ENST 390 Students Present on Community Challenges and Sustainable Solutions


Junior Isabella Vendramin presents her work for ENST 390 class, whose projects focused on community challenges and sustainable solutions on April 26.

Four groups of students in the Environmental Studies (ENST) 390 course presented their final projects to an audience of Colgate students, faculty, Hamilton Village members and Oneida Nation school students on Friday, April 26 in Persson Auditorium.

The ENST 390 course is an interactive course in which six groups of students pick a project relating to an environmental issue in the local community and attempt to come up with a framework of solutions by working with organizations such as the Office of Sustainability, Colgate administrators, town members, town leaders and their classmates.

The student groups had to select a project involving the local community and the environment that would be approved by a panel of faculty prior to beginning their research.

The course aims to provide an outlook as to what careers in sustainability and environmental fields are like, as well as to give students the experience of working with different environmental agencies and independently using local resources.

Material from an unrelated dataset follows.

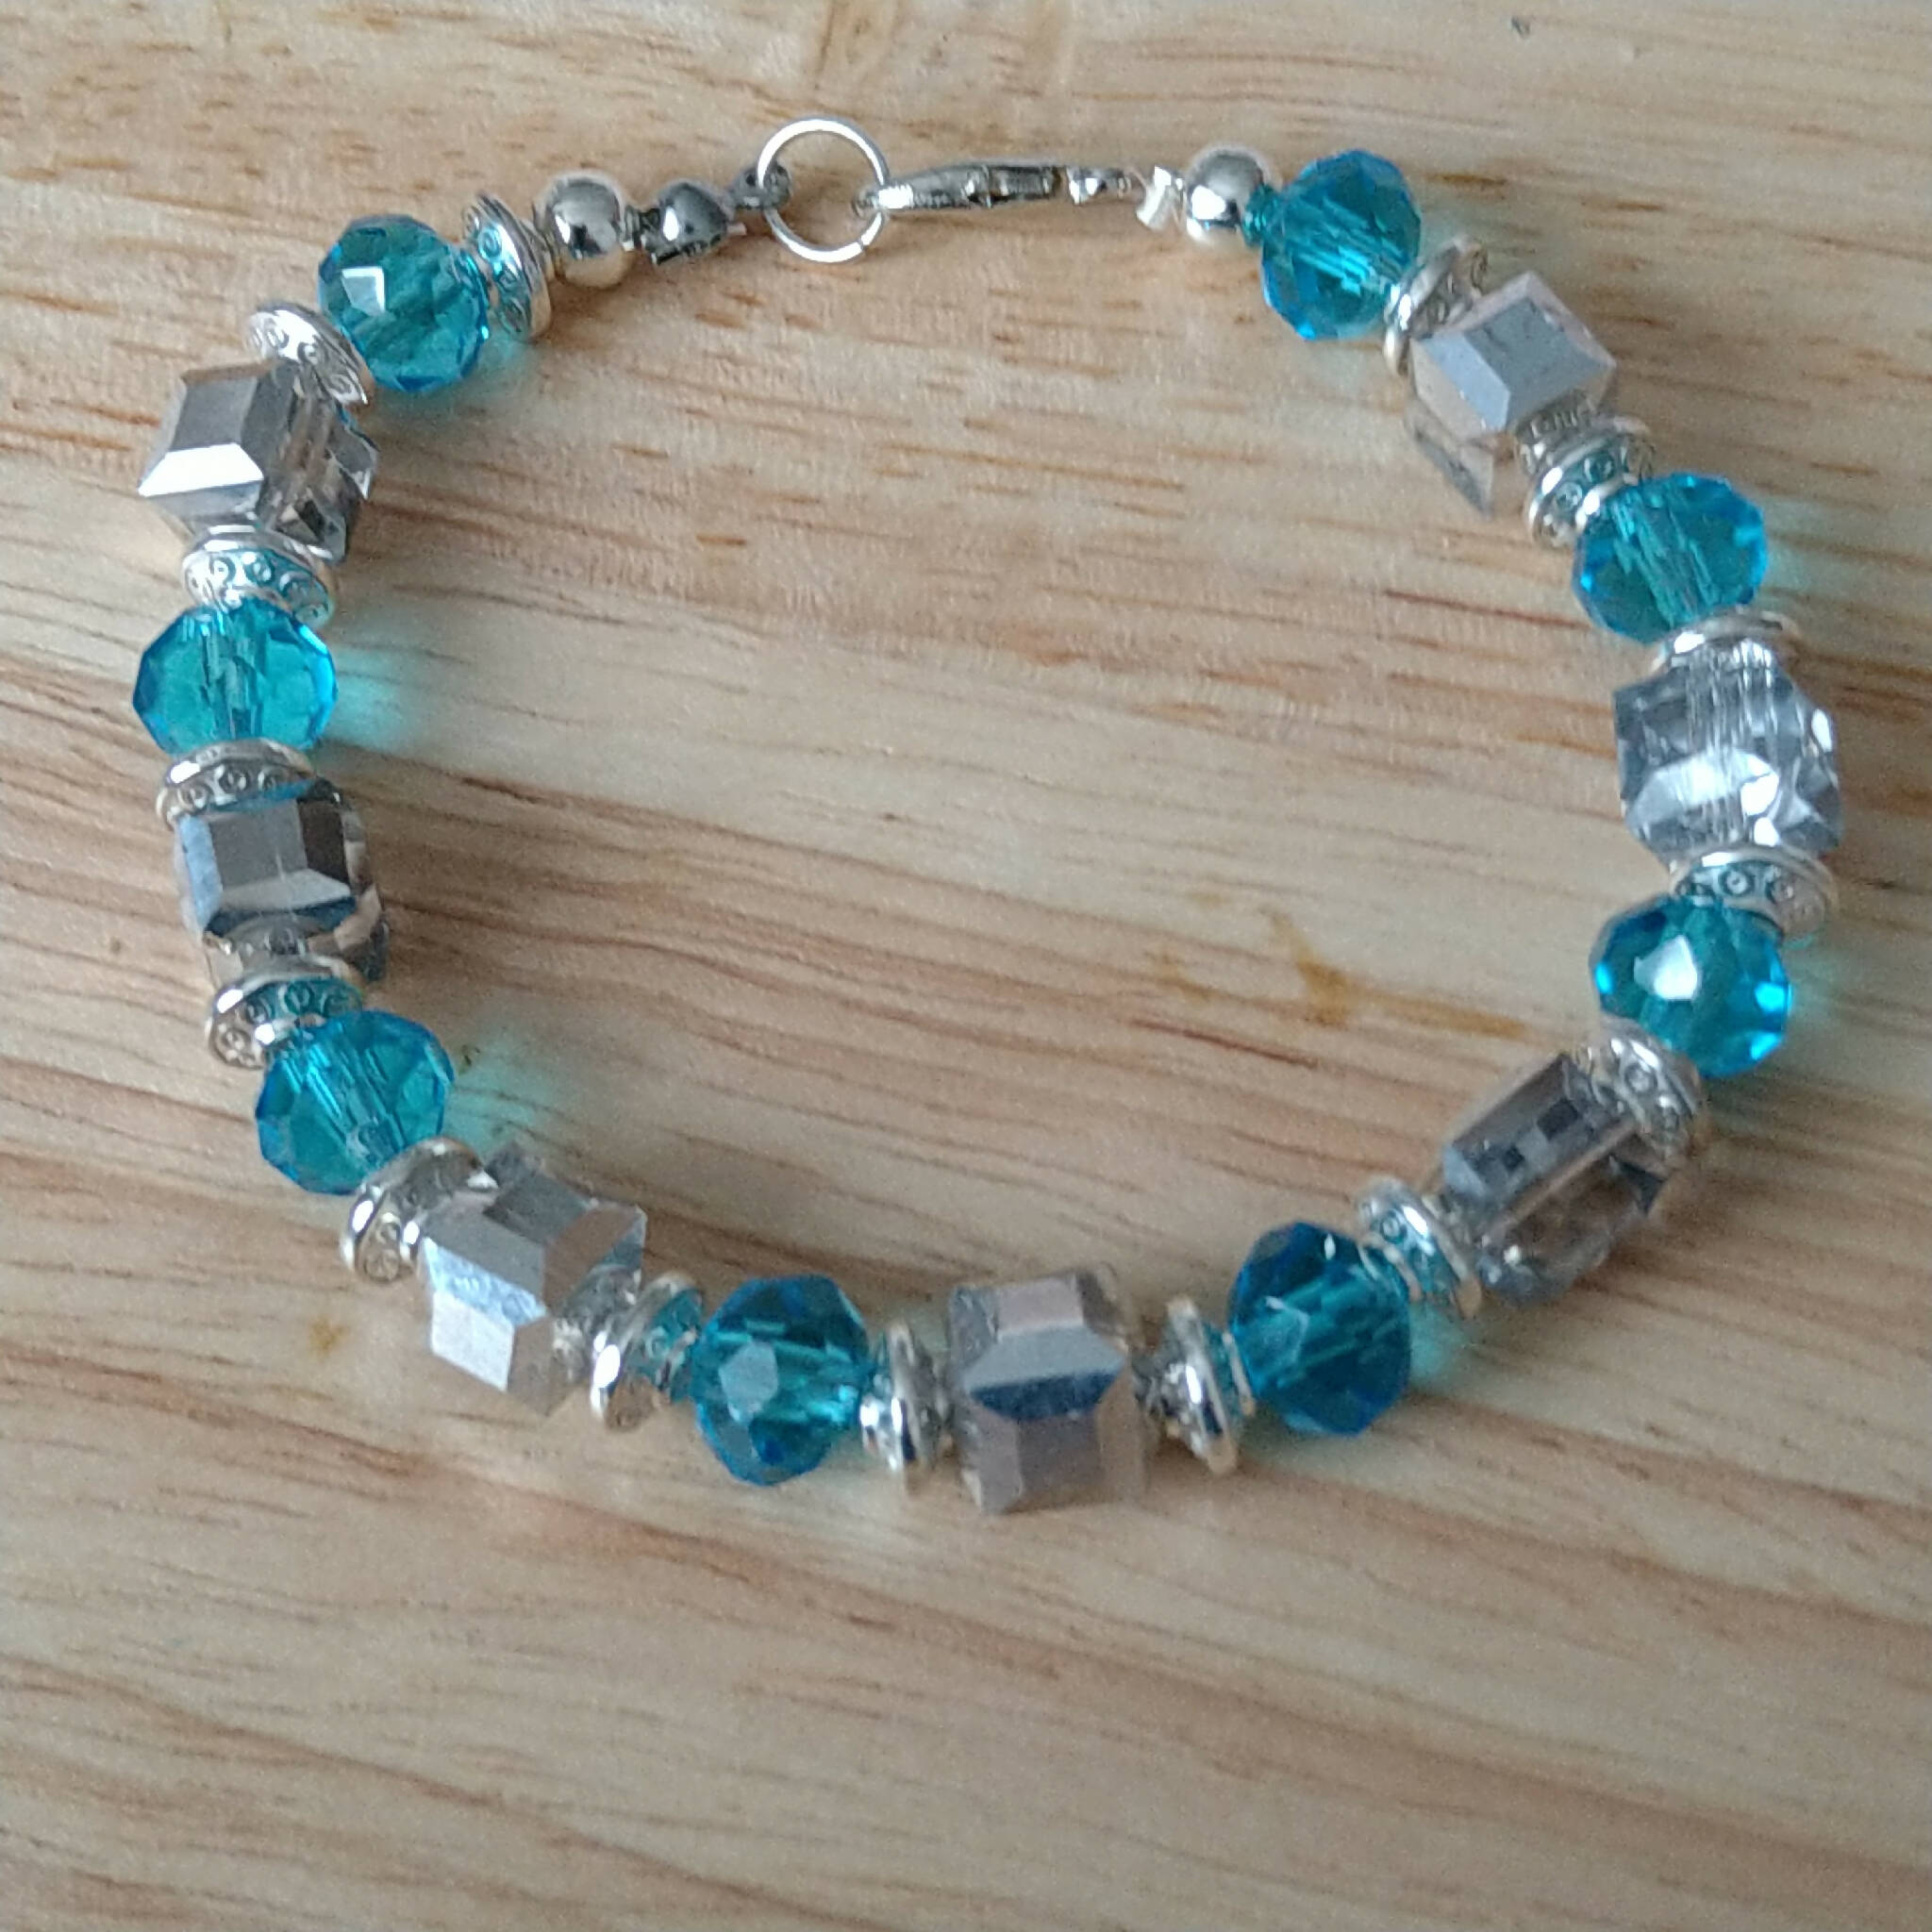 Blue & Silver coloured bracelet, handmade using recycled beads. 19cm length

The first two presentation groups focused on environmental resilience efforts in the village of Hamilton, analyzing the potential effects climate change will have on the local community.

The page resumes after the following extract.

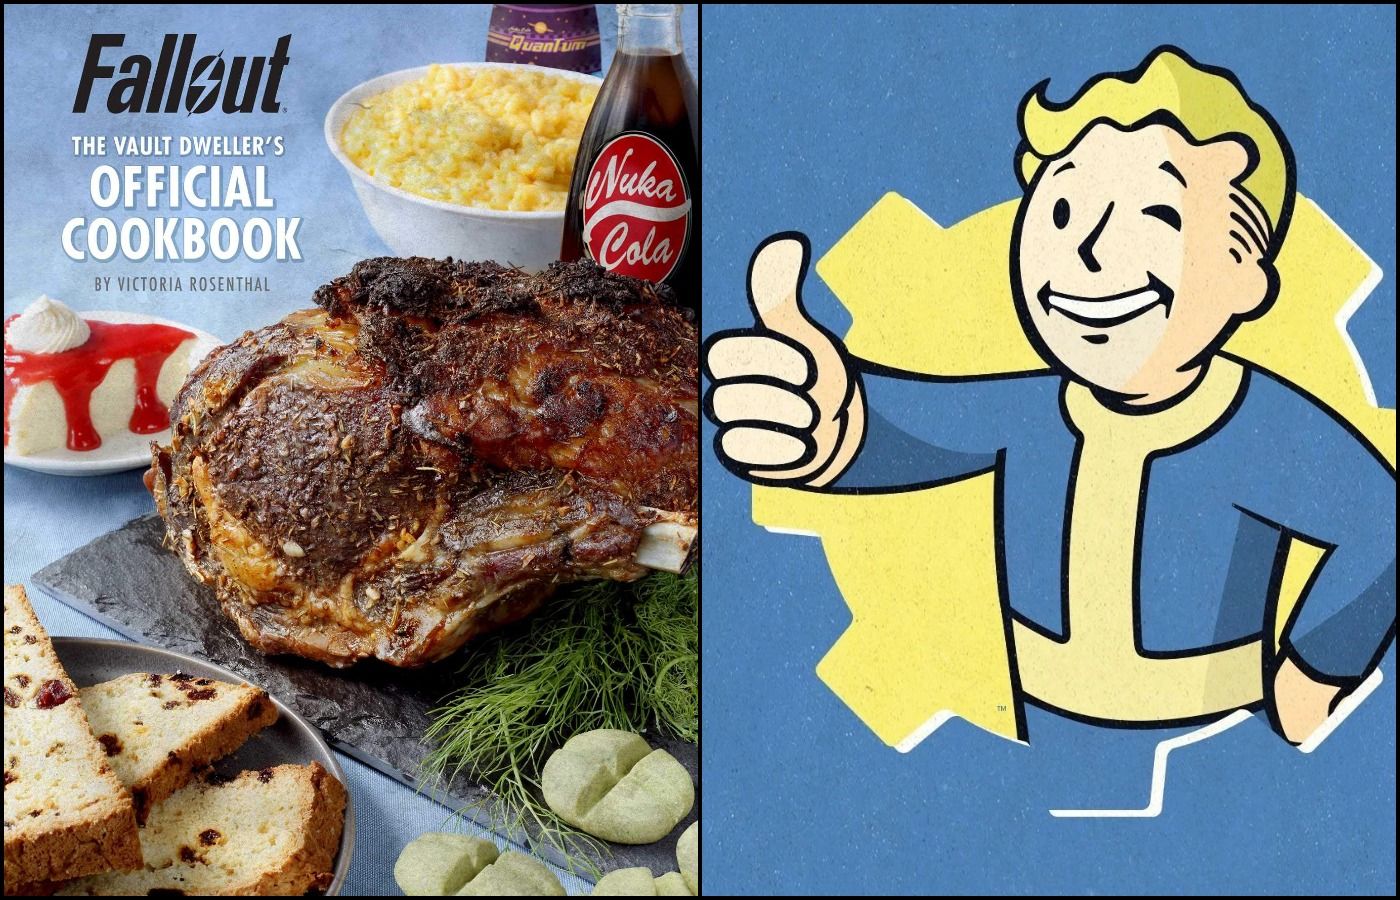 Fallout Cookbook

The third presentation group also focused on environmental resiliency efforts, but concentrated specifically on the Colgate campus.

The final presentation group researched the detrimental effects that paper towels have on the Colgate community, recommend- ing that hand driers and hand sanitizer stations be installed, particularly in the library, to save waste and potentially $100,000 over a ten-year period.

All four of the groups strived to incorporate the pillars of sustainability into their presentations, targeting each specific pillar—social, environmental and economic—in their respective projects.

Many students in the course attended the Hamilton Climate Resiliency Workshop hosted at the Colgate Inn on March 30 to kickstart their research and gain a foundational understanding of Hamilton’s sustainability efforts. The individual groups then identified major issues affecting their topics of choice, and outlined an analytical framework to attempt to solve each issue.

Each group concluded their presentations with recommendations of solutions, spanning from the implementation of more sustainable agricultural techniques to bulking up emergency response systems and becoming a Climate Smart Community.

Each group involved with members of the Hamilton community.

Many audience members praised the dedication and research the students did to provide a step-by-step plan to improve specific issues.

Hamilton Mayor RuthAnn Loveless discussed the importance of the students’ work and said it was helpful in enacting the initiatives of town members.

“I am so grateful for the guidance and the support that Colgate provides for us in this process of becoming a Climate Smart Community,” Loveless said. “We have limited staff, they’re hardworking, they’re overworked and the kind of direction as well as actual work that students and professors have done over the past year, have been immeasurable for us.”